Даже в крестьянской среде брак и семья, по видимому, не являются такой уж "объективной необходимостью" (Адоньева, Олсон, 2016, с.89), но именно древними культурными установками, ведь очень часто овдовевшая женщина способна ещё ряд десятилетий самостоятельно содержать несколько голов скота и возделывать огород (с. 99) – так кто мешал ей так делать всю жизнь? Наверное, всё-таки давление общества, культуры?

Кто-то может сказать, что женщине без мужа куда сложнее, ведь растить детей в одиночку очень трудно. Но зададимся вопросом: а что велит ей заводить детей? Конечно, давление всё тех же культурных норм, а не какие-то "объективные условия" (см. дальше пример робота София).

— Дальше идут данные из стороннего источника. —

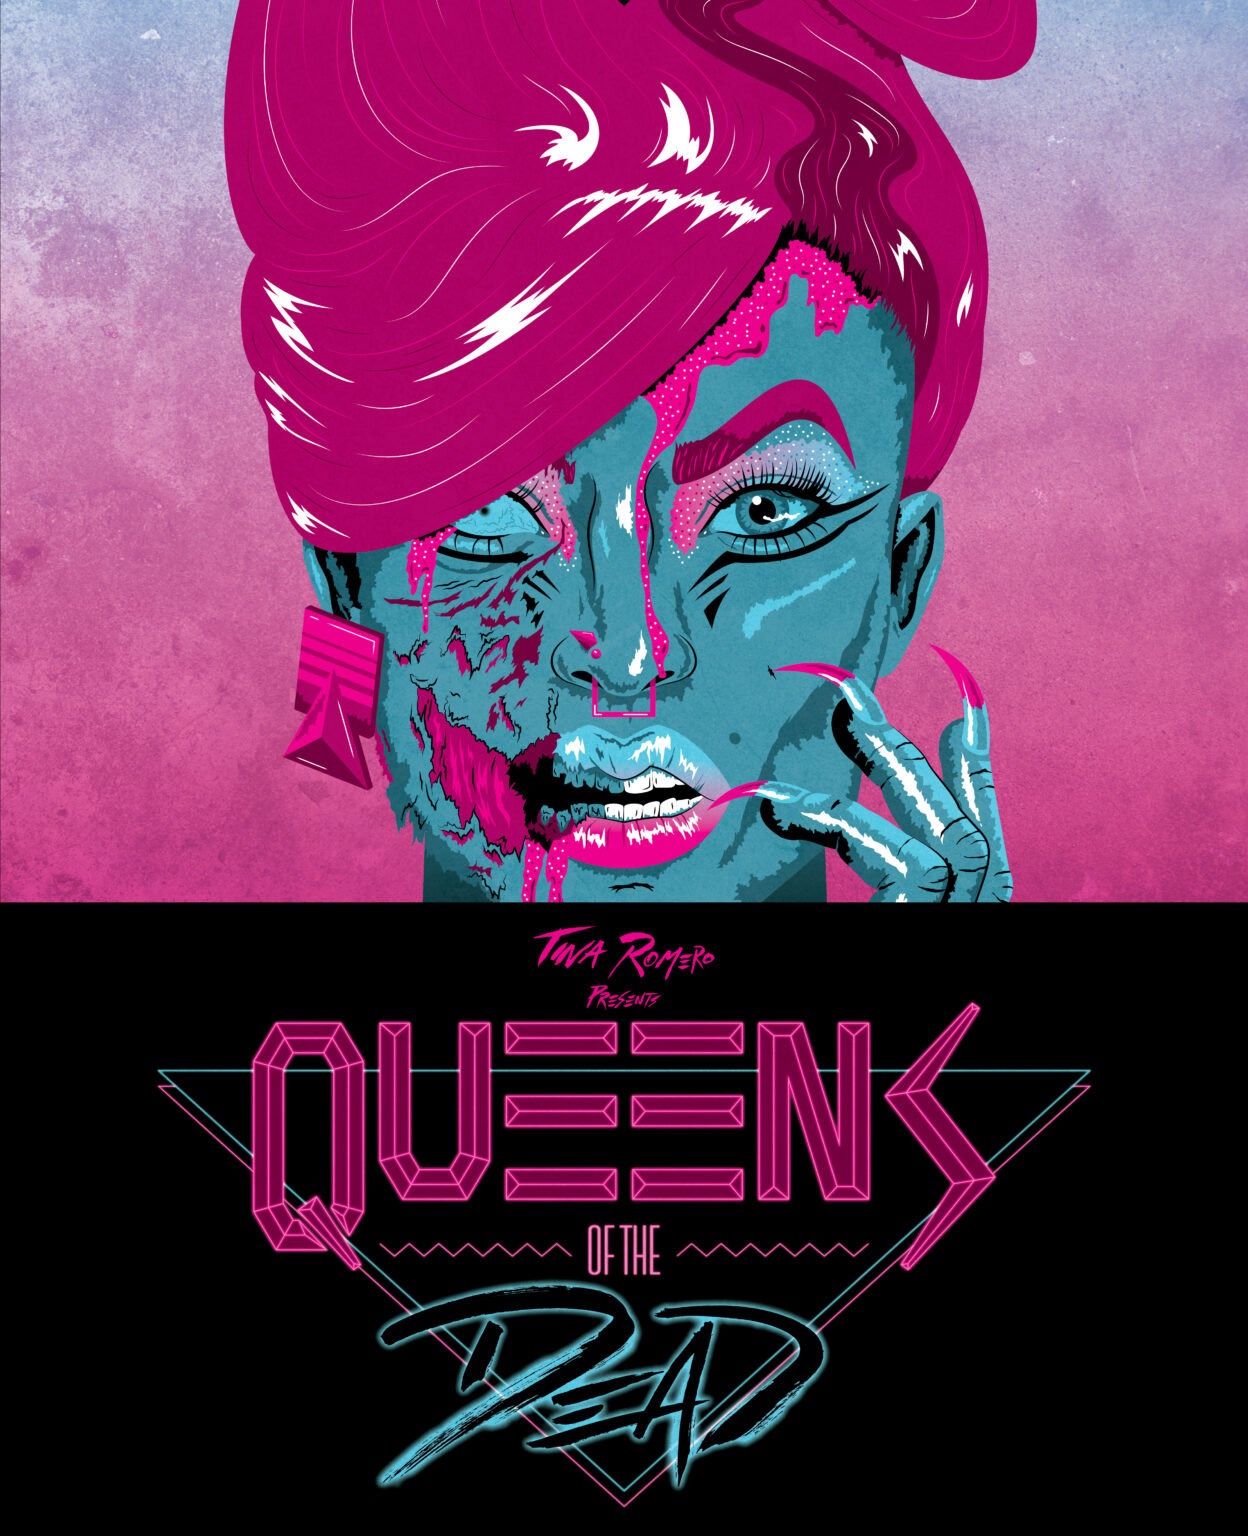 Queen Of the Night Dead consept poster

В некоторых деревнях XVIII-XIX веков под влиянием старообрядческих взглядов даже возникали особые течения, где женщины принципиально отказывались от вступления в брак, – число холостых женщин старше 25 лет там колебалось аж в районе 44-70% (Бушнелл, 2020). И ничего, никто с голоду не умер, они просто жили большими коллективами и вели всё тот же быт.

Когда подруга жаловалась на непросто складывающуюся жизнь в браке, я мимоходом заметил:

– Может, проще было совсем не выходить замуж?

– А как иначе? – удивлённо спросила она. – Да и финансово выгоднее, когда сообща…

– Да, но почему именно с мужем? Почему не с какими-нибудь хорошими подружками?

Она задумалась, и было ясно, что ответа у неё нет. Просто в сложившихся культурных схемах нам с детства представлен лишь один регламентированный образец, как можно устраивать свою взрослую жизнь, и никакой жизни с подружками там нет. Нас не научили, что можно иначе.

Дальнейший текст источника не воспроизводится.